As Morant explained, there has been a plug in the public university for years. With little funding from the autonomous communities, the public offer has basically stagnated in the last ten years: in Spain, face-to-face public universities offered 245,956 places in the 2023-24 academic year (the last one for which there is consolidated data), a figure that a decade before was basically the same (there were a thousand more places). But in this time the number of university students has increased by 21%. Where have they gone? To the only place they could. Private universities have gained 129% of students in this period, public universities 2%.

But, as the minister said, it is not by choice. That quarter of a million places received a total of 475,500 pre-registrations. In other words, there are almost two applications for each one and degrees with averages of 11 applicants per place, such as Medicine. At the Public University of Navarra or Cantabria, almost 40 applicants have registered this year for each place offered for these studies. In total there are 12 degrees throughout Spain in which 20 or more people aspire to each place offered. The cut-off grades skyrocket and those who want to take a degree and another is not worth it have only one option: pay, even if they have almost a 13 out of 14, as has happened this same year to María Fomina. In careers like Dentistry, there are already more people taking it in private courses than in public ones, at a rate of 15,000 or 20,000 euros per course.

On average, each higher education student who attends a private center spends 6,358 euros each course, a statistic that higher vocational training pulls down with prices significantly lower than the university. Private is expensive, but public is not cheap either: those who use the public system spend 1,533 euros annually, always according to the Household Expenditure on Education Survey of the National Institute of Statistics for the 2023-2024 academic year, the latest data available.

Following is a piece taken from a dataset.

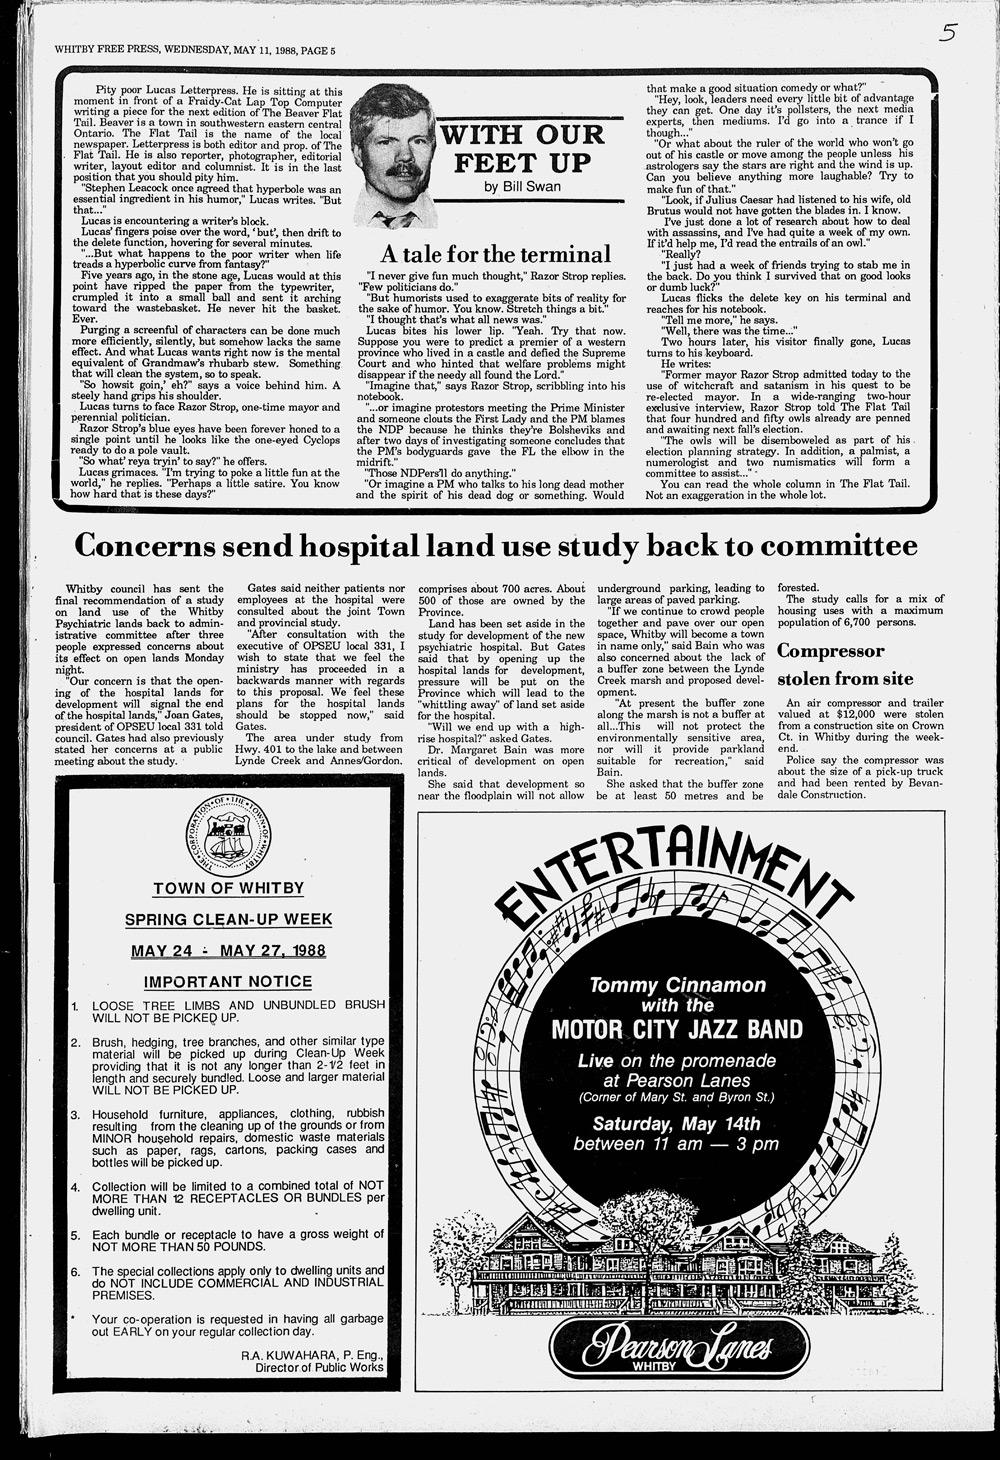 Whitby Free Press, 11 May 1988

Those same figures were 664 euros in public and 4,656 euros in private in 2019 – always on average and with the FP effect – which means that in the five years that have passed, public spending has more than doubled while private spending has increased by 30%.

While this is happening, a paradox occurs: on the one hand, an agreement in 2020 caused the autonomous communities with the most expensive public prices to lower the cost of their studies (although there are still large differences between regions); On the other hand, many communities are implementing or extending free initial registrations. But the cap on places limits who can benefit from these measures because not everyone fits, only those with the best grades can aspire to a public place. And performing in high school and high school is also a matter of class.